Item 9. Undertakings.
(a)The undersigned registrant hereby undertakes:
(1)To file, during any period in which offers or sales are being made, a post-effective amendment to this Registration Statement:
(i)To include any prospectus required by section 10(a)(3) of the Securities Act of 1933;
(ii)To reflect in the prospectus any facts or events arising after the effective date of the Registration Statement (or the most recent post-effective amendment thereof) which, individually or in the aggregate, represent a fundamental change in the information set forth in the Registration Statement. Notwithstanding the foregoing, any increase or decrease in volume of securities offered (if the total dollar value of securities offered would not exceed that which was registered) and any deviation from the low or high end of the estimated maximum offering range may be reflected in the form of prospectus filed with the Commission pursuant to Rule 424(b) if, in the aggregate, the changes in volume and price represent no more than a 20 percent change in the maximum aggregate offering price set forth in the “Calculation of Registration Fee” table in the effective Registration Statement;
(iii)To include any material information with respect to the plan of distribution not previously disclosed in the Registration Statement or any material change to such information in the Registration Statement;
provided, however, that paragraphs (1)(i) and (1)(ii) of this section do not apply if the information required to be included in a post-effective amendment by those paragraphs is contained in reports filed with or furnished to the Commission by the registrant pursuant to Section 13 or 15(d) of the Exchange Act that are incorporated by reference in the Registration Statement.

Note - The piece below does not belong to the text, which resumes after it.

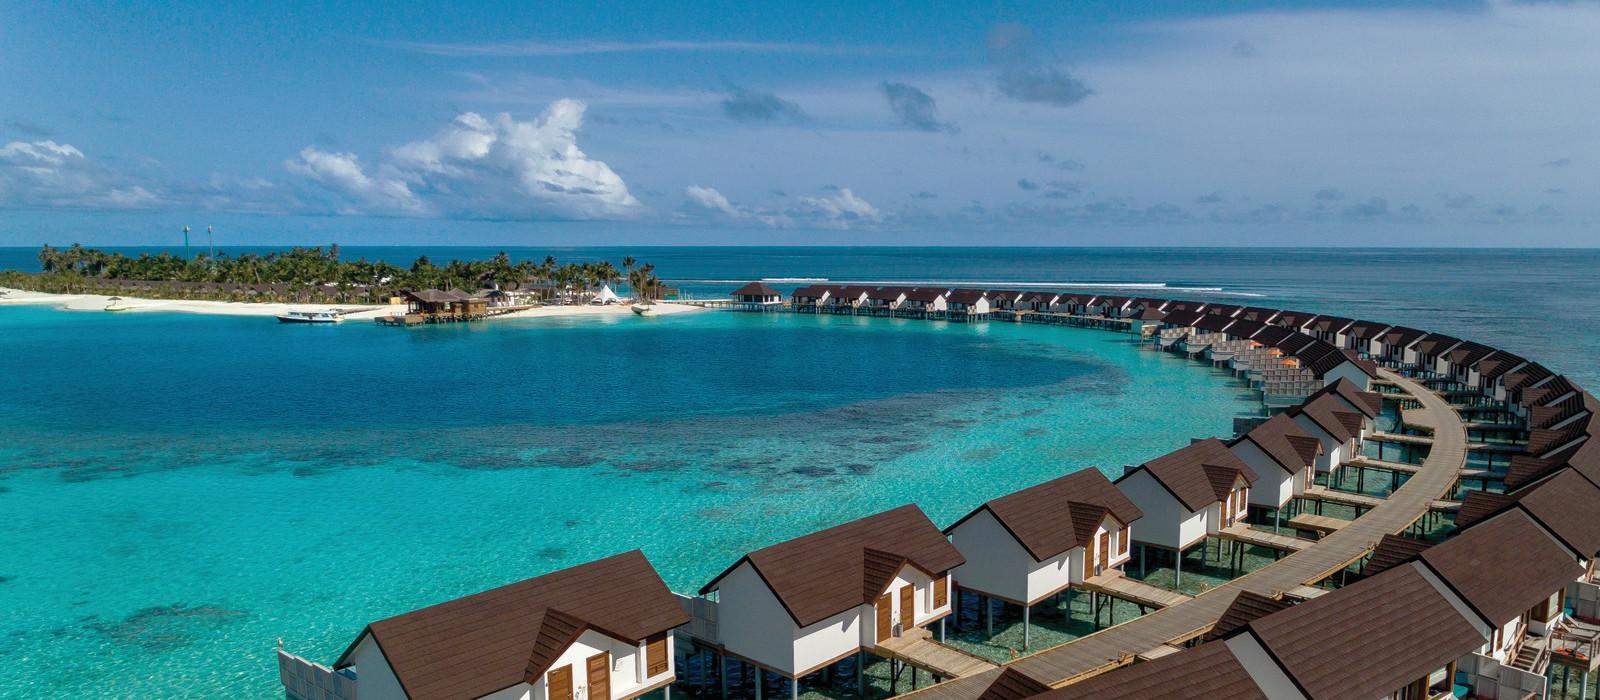 Hotel OBLU SELECT at Sangeli Malediven

(2)That, for the purpose of determining any liability under the Securities Act, each such post-effective amendment shall be deemed to be a new registration statement relating to the securities offered therein, and the offering of such securities at that time shall be deemed to be the initial bona fide offering thereof.
(3)To remove from registration by means of a post-effective amendment any of the securities being registered which remain unsold at the termination of the offering.
(b)That, for purposes of determining liability under the Securities Act of 1933, each filing of the Registrant’s annual report pursuant to Section 13(a) or Section 15(d) of the Securities Exchange Act of 1934 (and, where applicable, each filing of an employee benefit plan’s annual report pursuant to Section 15(d) of the Securities Exchange Act of 1934) that is incorporated by reference in the Registration Statement shall be deemed to be a new registration statement relating to the securities offered therein, and the offering of such securities at that time shall be deemed to be the initial bona fide offering thereof.
(c)Insofar as indemnification for liabilities arising under the Securities Act of 1933 may be permitted to directors, officers and controlling persons of the Registrant pursuant to the foregoing provisions, or otherwise, the Registrant has been advised that in the opinion of the Commission such indemnification is against public policy as expressed in
the Securities Act and is, therefore, unenforceable. In the event that a claim for indemnification against such liabilities (other than the payment by the Registrant of expenses incurred or paid by a director, officer or controlling person of the Registrant in the successful defense of any action, suit or proceeding) is asserted by such director, officer or controlling person in connection with the securities being registered, the Registrant will, unless in the opinion of its counsel the matter has been settled by controlling precedent, submit to a court of appropriate jurisdiction the question whether such indemnification by it is against public policy as expressed in the Securities Act and will be governed by the final adjudication of such issue.